This is the 20th day of my participation in the First Challenge 2022

Notes sharing, mainly from ng’s deep learning course. 1

Stereotypes exist

Word embedding has an important impact on the generalization of our model, so we also need to ensure that they are not affected by unexpected form bias. Such as sexism, racism, religious discrimination and so on.

Of course I think it’s a bit strong to use the word prompt, but here we can interpret it as a stereotype.

Here’s an example:

My father is a doctor and my mother is _______.

My father is a company employee and my mother is _______.

Boys like _______. Girls like _______.

The first empty one, of course, is probably “nurse”. The second empty answer is probably “housewife”. The third empty answer is probably “Transformers”. The fourth empty answer is probably “Barbie.”

What is this? This is called gender stereotyping. All of these stereotypes are related to socioeconomic status.

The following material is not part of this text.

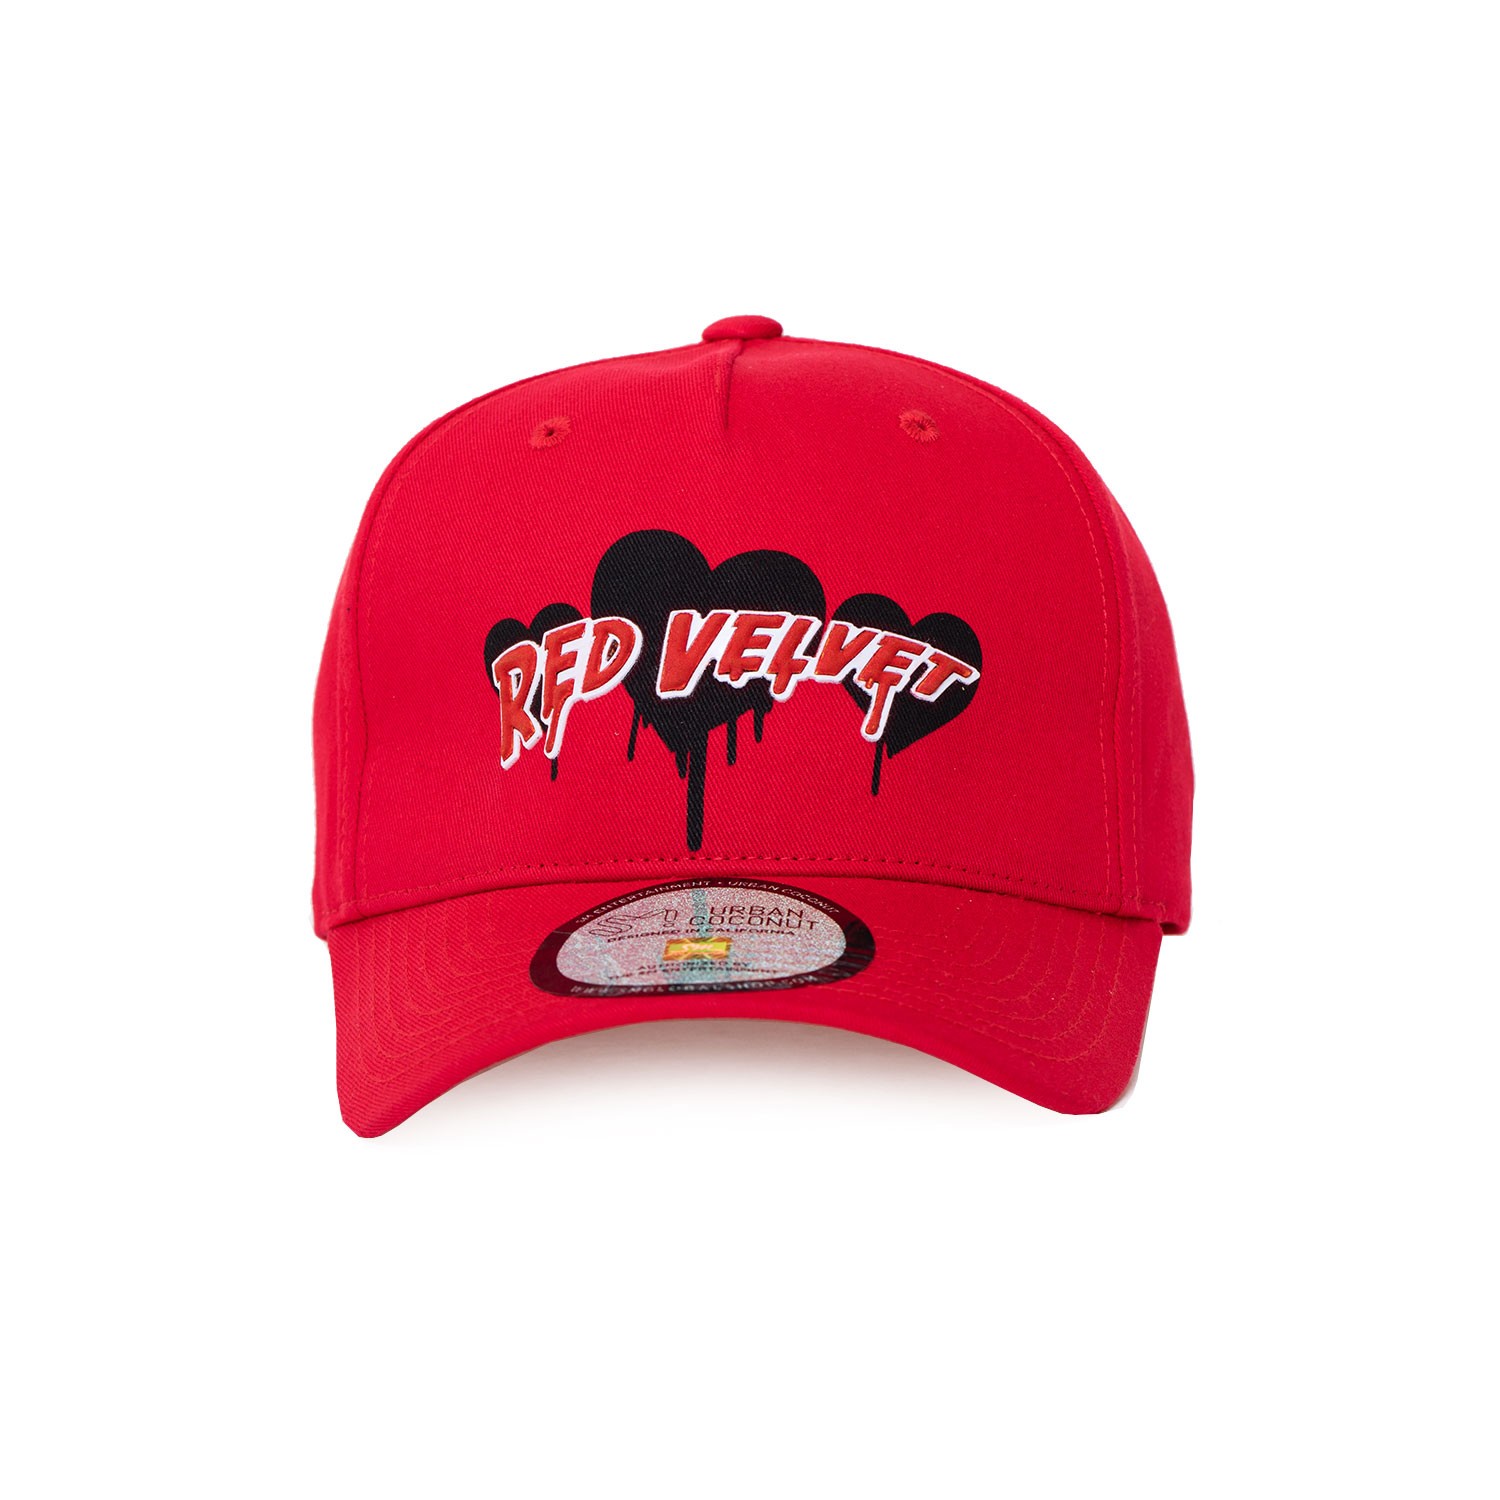 Search - Tag - Red Velvet hat

There are no stereotypes in learning algorithms, but there are stereotypes in human writing. Word embedding can learn these stereotypes “well”.

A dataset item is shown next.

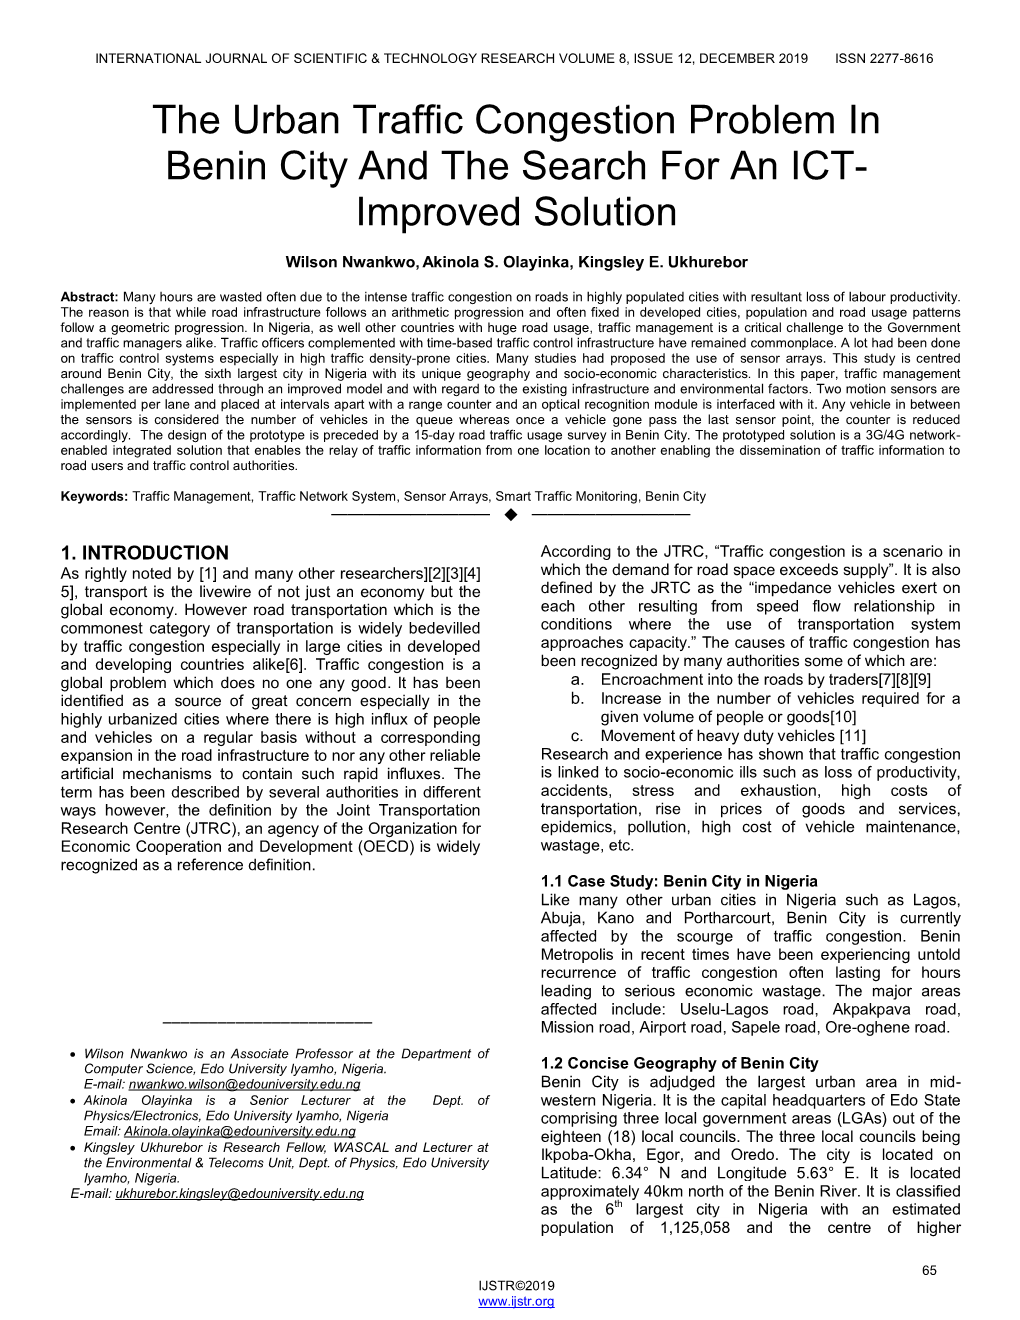 The Urban Traffic Congestion Problem in Benin City and the Search for an ICT- Improved Solution

Therefore, we need to modify the learning algorithm as much as possible, reduce or idealize as much as possible, and eliminate these unexpected types of bias.

Over many centuries, I think humanity has made progress in reducing these types of bias. And I think maybe fortunately AI, I think we actually have better ideas for quickly reducing the bias in AI than for quickly reducing the bias in the human race. Although I think we are by no means done for AI as well, and there is still a lot of research and hard work to be done to reduce these types of biases in our learning of learning algorithms.


Eliminate word embedding stereotypes

Using a method called arXiv:1607.065202.

It is mainly divided into the following three steps:

  1. Identify bias direction.
  2. Neutralize: For every word that is not definitional, project to get rid of bias.
  3. Equalize pairs.

Suppose that now we have a learned word embedding.

I’m going to stick with what we did before. It takes 300 dimensional features, and we map them to a two-dimensional plane. The distribution of these words on the plane is shown in the figure.

1. To find the direction

In order to find the main direction of stereotype existing between two words, we have mentioned this method once when we talked about the features of Word embedding. You subtract two vectors to find the main dimension of their difference.


e d o c t o r e n u r s e e_{doctor}-e_{nurse}


e b o y e g i r l e_{boy}-e_{girl}


e h e e s h e e_{he}-e_{she}


e g r a n d m o t h e r e g r a n d f a t h e r e_{grandmother}-e_{grandfather}

After subtracting the above items, we will find that their differences mainly lie in the dimension of gender.

And then I’m going to take an average of the top guys.

We can get the following result:

We can identify the direction in which our stereotype bias predominates. And then you can also find a direction in which a particular bias doesn’t correlate.

Note: In this case, we consider our bias direction “gender” to be a one-dimensional space, while the remaining irrelevant direction is a 299-dimensional subspace. This is a simplification compared with the original paper. For details, please refer to the references provided at the end of the article.

2. Neutralization

There are words that are clearly gender-specific, but there are words that are supposed to be gender-neutral and fair.

Words that are genual, such as grandmother and grandfather, and not genual, such as nurse, doctor. For such words we neutralize them, that is to say, reduce the horizontal distance in the direction of the bias.

3. Balance

The second step is to deal with words that are gender-neutral. So what’s the problem with gender-specific words?

We can see this clearly in the figure above. For the word nurse, it is significantly closer to girl than to boy. If the text is generated and a nurse is mentioned, the girl is more likely to appear. So we need to calculate the equilibrium of distances.

It’s calculated and shifted, and there’s no gender distinction. And gender-specific words are equidistant.


  1. DeepLearning AI China – the world’s leading online AI education and practice platform (deeplearningai.net)
  2. [1607.06520 V1] Man is to Computer Programmer as Woman is to home aker? Debiasing Word Embeddings (arxiv.org) Thank you.